Archiving data is straightforward. These data are gathered from contributors and placed online for public consumption. But you may ask, “Why? Aren’t there a million places that already do this?” Yes, there are (well, maybe not a million), but it is our end goal that separates our project from other archives.

So far we only have a handful of these data on display, but they serve as a starting point for a larger project. We hope to one day transform these data to be able to link them together (a.k.a. data federation). It is a very ambitious project, but I believe it is feasible, and could be a game changer for researchers. In my opinion two primary things have to take place in order for this project to be successful:

  1. We need to identify common denominators for our collection of data. In order to tie these data sets together, we need a common denominator that we can use in a programming algorithm. For this purpose, I feel that GIS coordinates make the most sense, because almost all data are tied to a location.
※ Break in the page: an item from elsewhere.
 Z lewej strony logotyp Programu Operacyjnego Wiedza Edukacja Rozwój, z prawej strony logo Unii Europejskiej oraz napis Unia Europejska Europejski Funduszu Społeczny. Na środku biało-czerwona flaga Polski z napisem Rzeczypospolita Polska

We’ve also thought about tying data temporally and by discipline, and are hard at work at gathering these metadata.

    Of course tying data to any common denominator will not be a simple task, but this is what separates our project from most other archives and keeps us motivated to push ahead with the project. That said, we are already in the process of coding our data with GIS attributes (along with adding temporal and thematic metadata). I hope to cover these side elements in a separate post.
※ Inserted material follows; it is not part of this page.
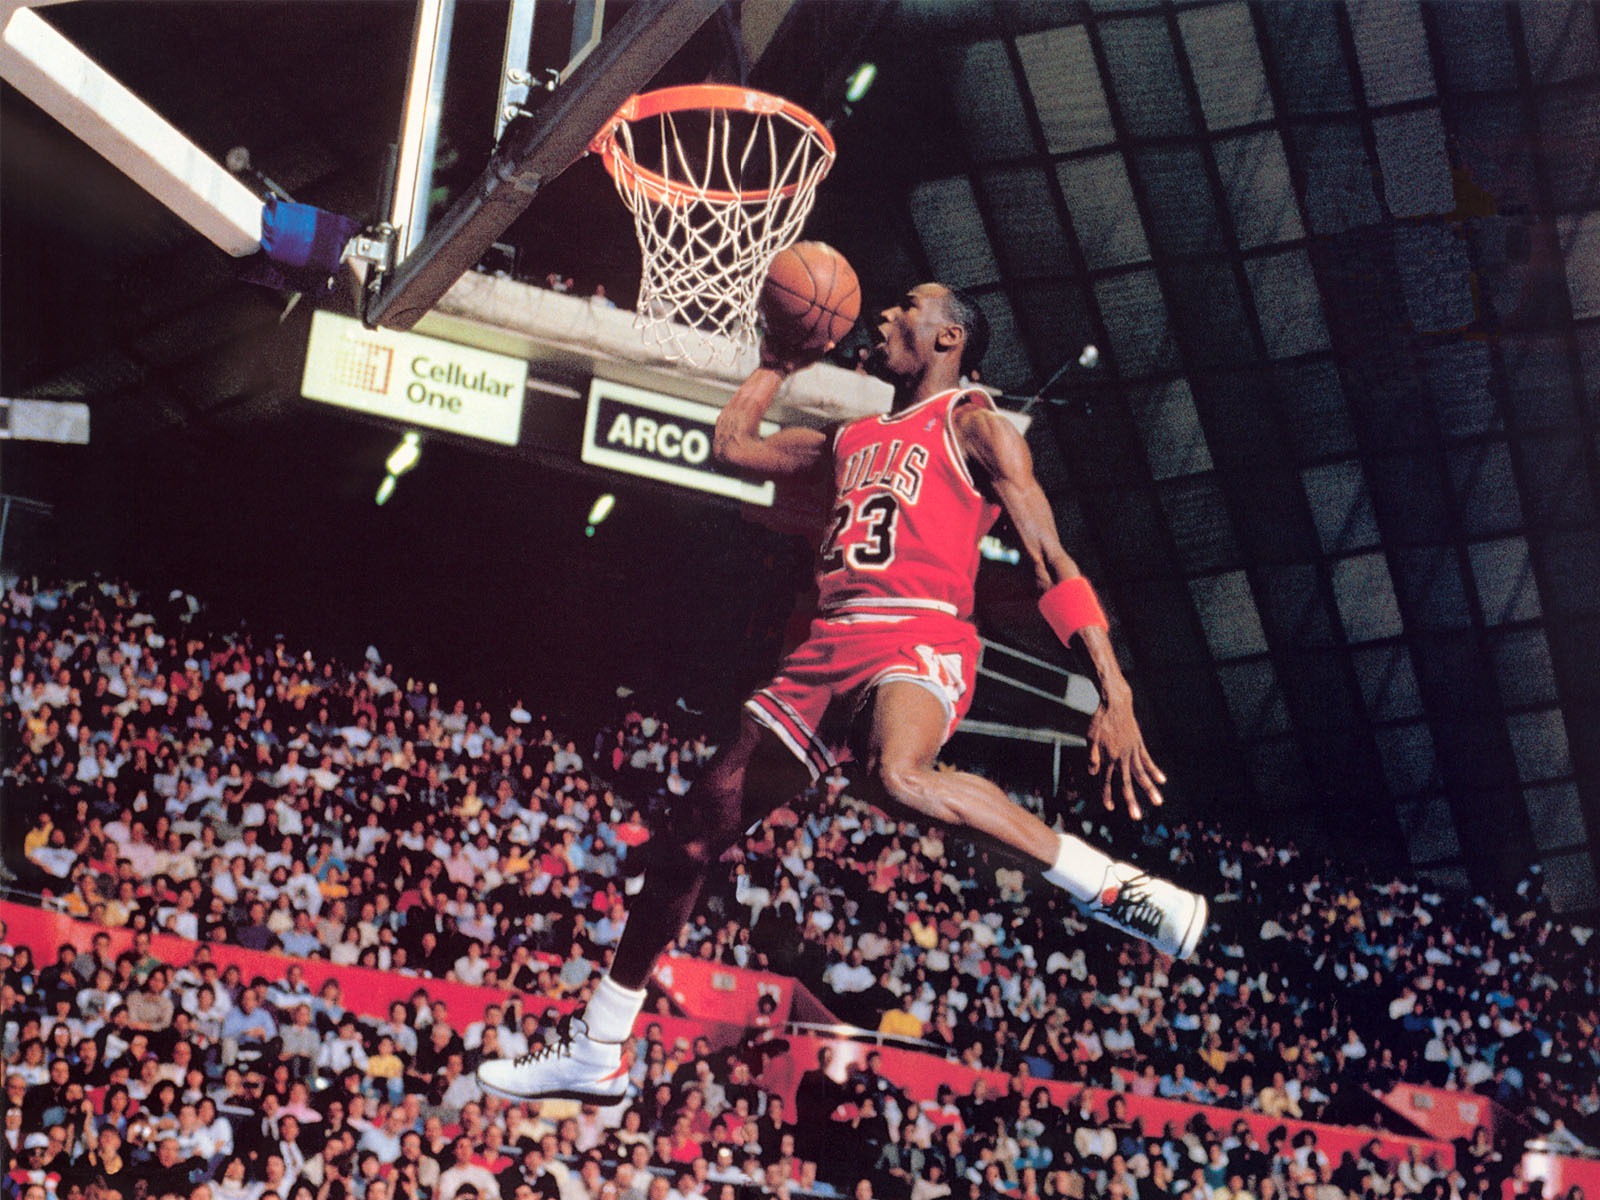 soccer Michael Jordan HD Wallpapers

  2. We have to start small. We should approach the programming task using a select group of datasets that are similar. Doing so helps:

    • The project to focus on programming.
      If we use a set of data that is too diverse at the onset, we might not be able to obtain a sensible common denominator. For example if we looked to combine silver data in the 18th century with poverty data in the 20th century, we might face a common denominator issue: Even though these data are tied to a place, the names of these places are different in the two centuries.

      On the other hand, if we focus on a handful of similar data sets, we should be able to give priority to programming. Admittedly, this time-place issue would have to be addressed one day, but to really kick start the project we have to start with a small and similar set of data.

    • Promote our project to other contributors.
      Researchers may be more inclined to donate their datasets when they see a niche project that fits their work. (One of the biggest issues with data collection is to gain contributions from others, I may write about the issue of incentives in a separate post.)

      We have already begun to address the issue of this niche dataset. Our commodity in focus side project has begun collecting opium data sets. Next year, we hope to focus on silver.
This blog entry started off as a way for me to explain what the archive section of World-Historical Dataverse project is about. What I ended up doing – and this was not on purpose – was basically explaining the linkages between the three main components of our project: the data archive, the commodity in focus, and the GIS project. I don’t think I can explain one without the other. The one element that is beyond my technical expertise is the programming part of the project. That is why we hope to bring experts on board (to consult on project details) and are searching for a programmer (to begin the work of data federation).

There are many trial and errors in the work that we’ve done so far. And perhaps we’re wrong to use GIS as a common denominator. But this won’t deter us from working on this ambitious project. We will adapt to new challenges and continue to press on with the creation of a World-Historical Dataverse.